Several factors can affect why we end up bouncing our legs without thinking about it. Getting to the source can be the key to calming the shake.
Stress and Anxiety
“In fact, doctors encourage exercise because it regulates anxiety, and mood [and] leg shaking is, in a certain sense, a form of exercise,” explains Cheryl Collins, MD, a psychiatrist and psychoanalyst based in Jackson, Wyoming. “One way of thinking about it is as a mini HIIT [high-intensity interval training].”
Serenity Serseción, PhD, a psychologist based in San Jose, California, suggests that fidgeting “has a similar but smaller effect to exercise when it is not possible, such as in a work situation.”
An Attempt to Concentrate
That said, Dr. Collins explains that this same effect may account for the increased incidents of leg shaking while you’re sitting at a desk. The stimulus can help quiet restless or hyperactive parts of the brain and help with focus, especially when dealing with a “negative stimulus” such as boredom or distraction.
Too Much Caffeine
A Need for Physical Release
Anything from injury to tiredness to simply being too busy can serve as a barrier to getting regular exercise. However, this can lead to a whole heap of pent-up energy.
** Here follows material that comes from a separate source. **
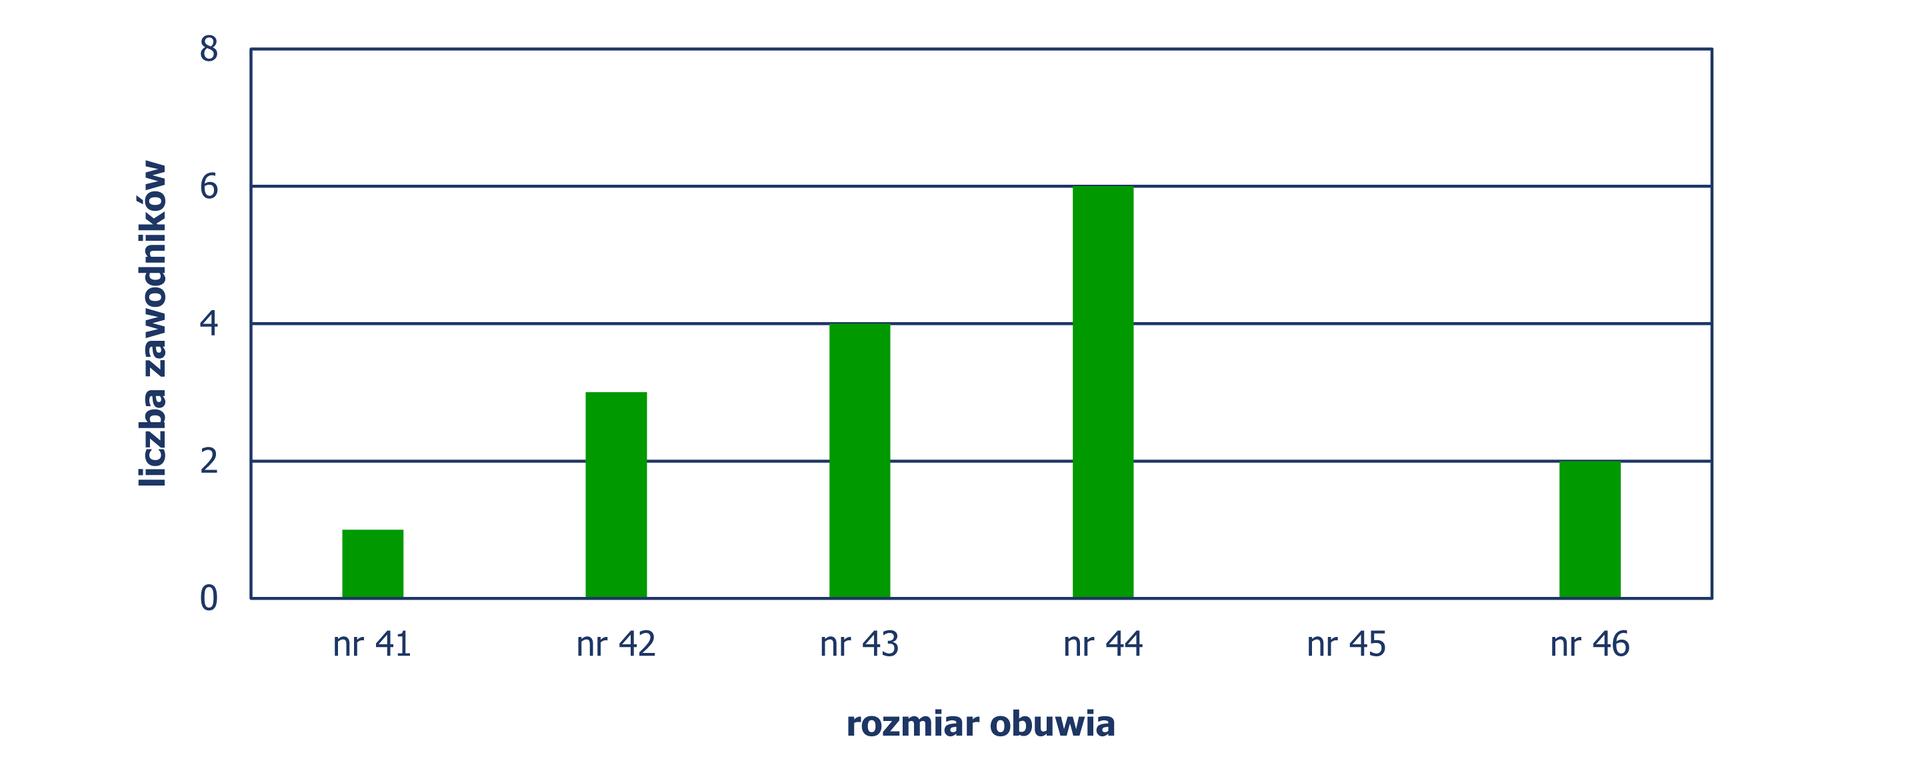 Diagram słupkowy pionowy, zktórego odczytujemy liczbę zawodników wzależności od rozmiaru obuwia jaki noszą. Rozmiar nr 41– 1 zawodnik, rozmiar nr 42 – 3 zawodników, rozmiar nr 43 – 4 zawodników, rozmiar nr 44 – 6 zawodników, rozmiar nr 46 – 2 zawodników.

Without physical activity, that energy has nowhere to go. Patrick Porter, PhD, a neuropsychology researcher and founder of BrainTap, explains that leg bouncing likely serves as “a subconscious means of physical release.”
When to See a Doctor About Leg Bouncing
Not all leg shaking is equal. “It’s vital to distinguish between simple leg shaking or fidgeting — a sign of nervousness, stress, or boredom — and restless legs syndrome, a recognized neurological disorder characterized by a strong, often irresistible urge to move one’s legs,” says Dr. Porter. “If discomfort or pain accompanies leg shaking, seek clinical advice from a healthcare professional.”
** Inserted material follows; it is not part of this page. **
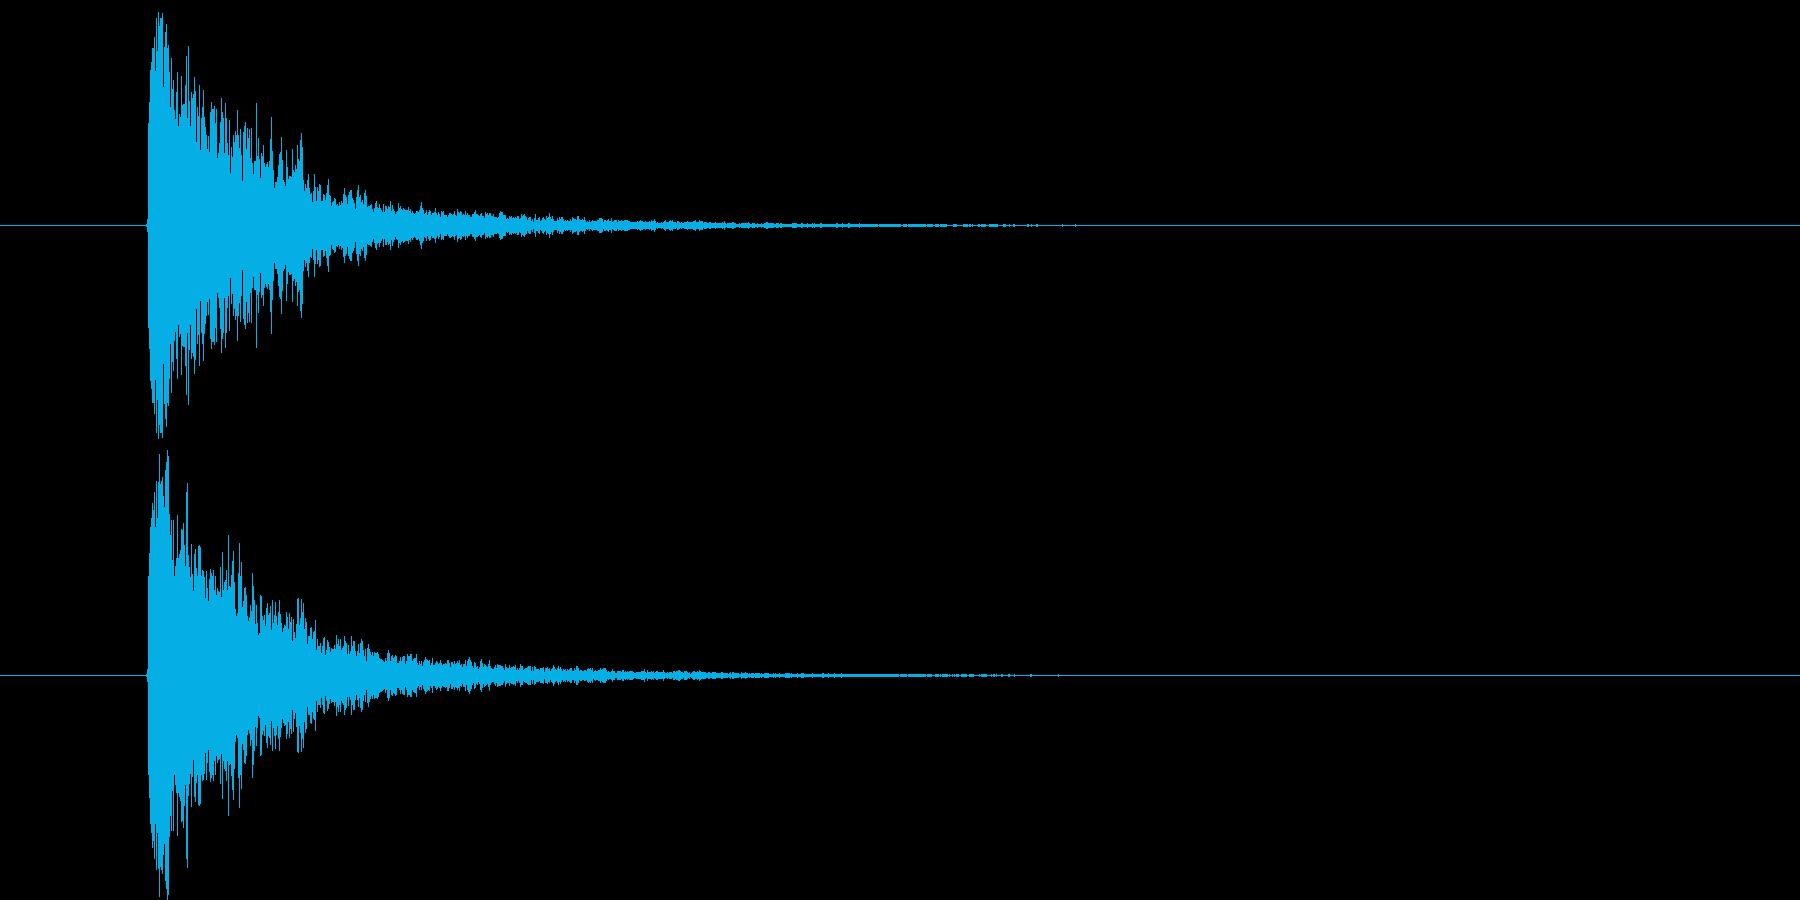 スネア音_メタルコア・ラウド系の再生済みの波形

Do You Need to Do Anything About Leg Shaking?
Leg bouncing or shaking on its own doesn’t pose any real health problems, but you might find it stresses you or other people out or affects communication.
Porter acknowledges that “leg shaking might be perceived as a sign of nervousness or impatience by others, which can lead to miscommunication or misunderstanding in social or professional situations,” he says. “In quiet or shared spaces, this repetitive movement can be distracting or annoying to others.”
There is no apparent danger that comes with leg shaking (as long as pain doesn’t accompany it), and the movement can often provide relief. But it is sometimes distracting, can take a toll on your productivity, and can cause a sense of restlessness or agitation in the people around you.
If it bothers you, Porter suggests “recognizing when you’re shaking your leg and understanding the triggers” to help manage the habit. He recommends the following:
- Getting regular exercise
- Limiting caffeine intake
- Practicing healthy sleep habits
- Changing your posture
- Using stress management techniques such as meditation, deep breathing, or yoga
- Discussing underlying causes of anxiety with a mental health professional
- Replacing the habit with another movement-based behavior
The Takeaway
- Leg bouncing can often relate to anxiety, stress, or a buildup of physical energy and might serve a similar purpose to exercise while sitting.
- Although seen as a coping mechanism, excessive leg shaking coupled with pain or significant disruption to daily life might mean you’d benefit from talking to a healthcare professional.
- Cutting down on caffeine intake, incorporating regular exercise, and engaging in relaxation practices like meditation can help manage this habit.
- If leg bouncing begins to affect your social or professional interactions, identify your possible triggers and explore having open conversations for better management.